Perfluorooctanoic acid (PFOA) is one of the most widely used PFAS compounds and has been detected in human serum at concentrations ranging from 3.4 ng/mL (0.01 μM) to 22 μg/mL (53 μM) (Innes et al., 2011). The persistent nature of PFOA raises concerns about its potential impact on reproductive health. Observational studies in women suggest that PFOA/PFAS exposure delays menarche (Kristensen et al., 2013, Lopez-Espinosa et al., 2011), disrupts menstrual cyclicity (Lyngsø et al., 2014, Zhou et al., 2017, Fei et al., 2009), causes early menopause via premature ovarian failure (Knox et al., 2011, Zhang et al., 2018, Taylor et al., 2014), and alters steroid hormone levels (Knox et al., 2011, Zhang et al., 2018, Barrett et al., 2015). PFOA exposure is also associated with reduced fertility and increased miscarriage rates in women after maternal exposure (Fei et al., 2009, Liew et al., 2020, Whitworth et al., 2012).

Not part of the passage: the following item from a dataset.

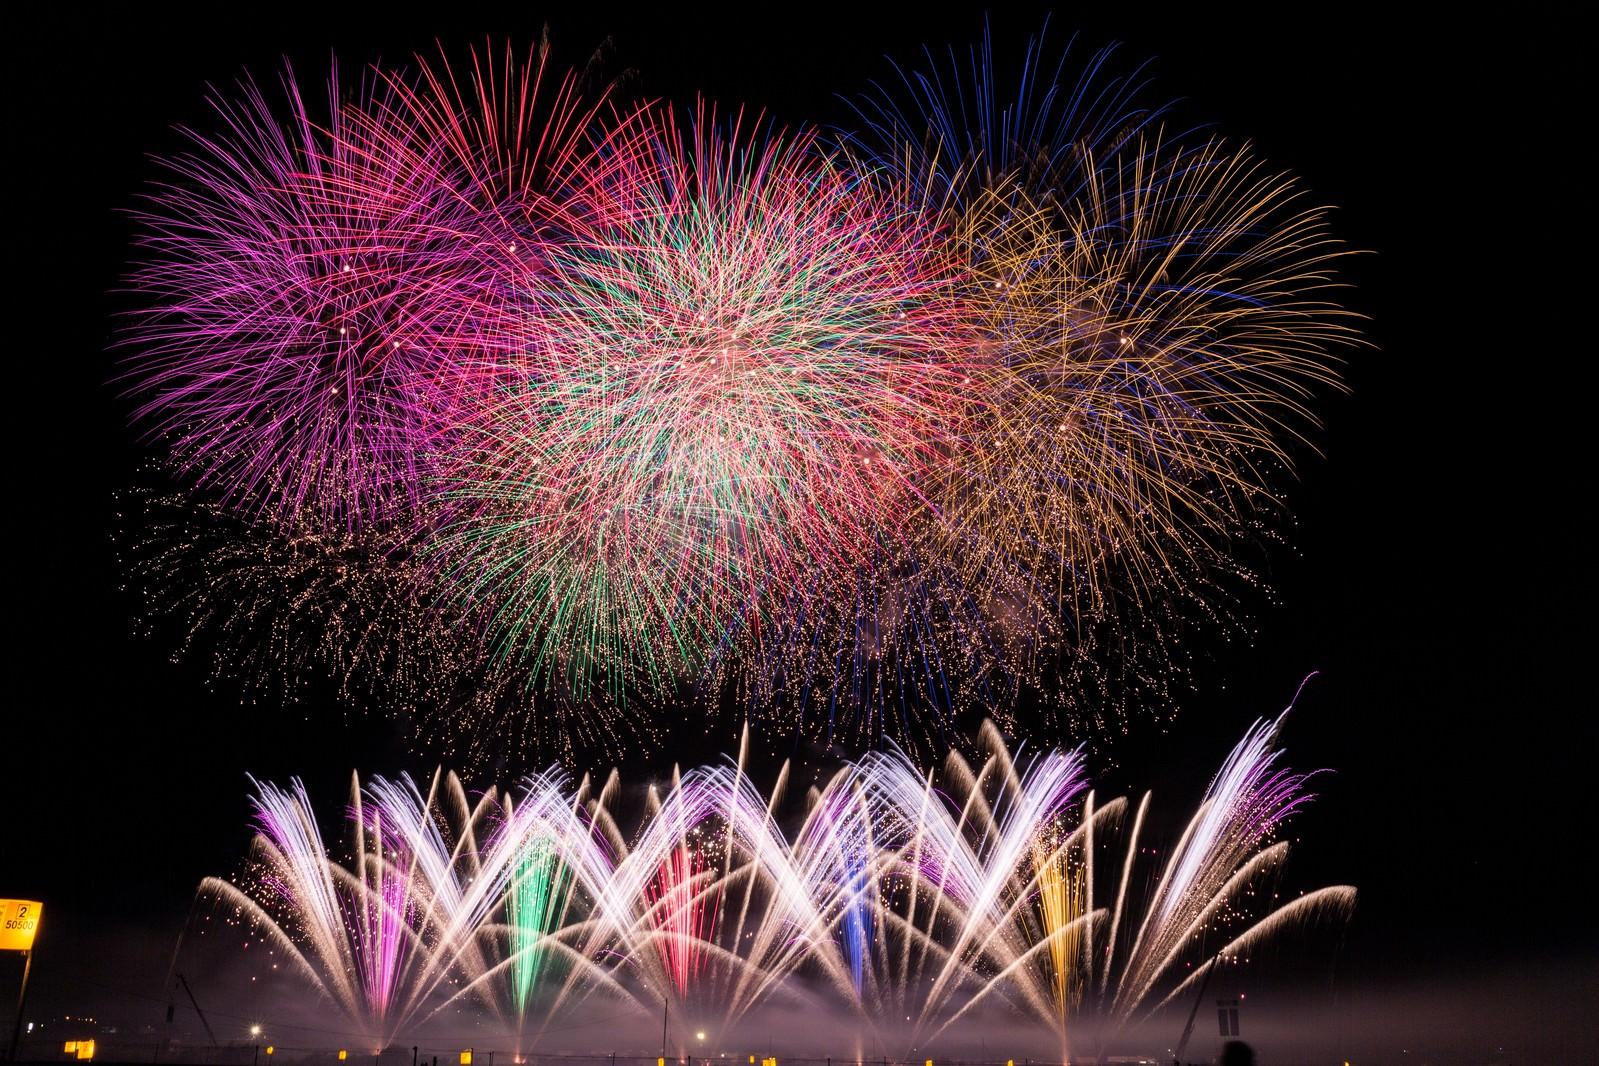 「ド派手な打ち上げ花火」の写真

Previous studies conducted with animal models indicate that PFOA exposure may lead to adverse effects on female reproduction in terms of ovarian function (Ding et al., 2020). Specific to the ovary, exposure to PFOA has been shown to impact the number of follicles in both juvenile and adult animal models (Chen et al., 2017, Du et al., 2019, Yang et al., 2022, Clark and Davis, 2022), alter the ovarian proteome (Estefanía González-Alvarez et al., 2022), and disrupt steroidogenesis in both in vitro and in vivo systems (Chen et al., 2017, Du et al., 2019, Yang et al., 2022, Chaparro-Ortega et al., 2018). Although human and experimental animal studies have demonstrated associations with PFOA exposure and ovotoxicity (Ding et al., 2020), there are only few studies reporting effects of PFAS on physiological functions of reproduction in livestock, which suggests the need for further comprehensive investigations (Basini et al., 2022, Chaparro-Ortega et al., 2018, Hallberg et al., 2021, Domínguez et al., 2016, Martínez-Quezada et al., 2021, Basini et al., 2023). Farm animals are also exposed to environmental toxic chemicals like PFOA, especially by ingestion, inhalation, or dermal contact, which can lead to serious and adverse effects on their health (Death et al., 2021, McGraw and Daigneault, 2022). However, exposure levels of many toxicants in livestock are not well defined, and hardly determined from human and/or rodent research due to different degradation and bioaccumulation patterns among species (Rhind, 2005). From this, there is a gap in our understanding of the adverse health effects among livestock despite studies that show PFAS are present and bioaccumulate in farm animals (Vestergren et al., 2013, Brake et al., 2023, Drew et al., 2021, Lupton et al., 2012, Lupton et al., 2022). Meat and dairy production depend greatly on the reproductive health of production animals, thus identifying potential exposures and their capacity to impact reproductive processes is imperative in mitigate these risks. Specific to cattle, PFAS exposure and accumulation have been reported via ingestion of contaminated feed (Guruge et al., 2008, Kowalczyk et al., 2013) and contaminated groundwater (Jha et al., 2021).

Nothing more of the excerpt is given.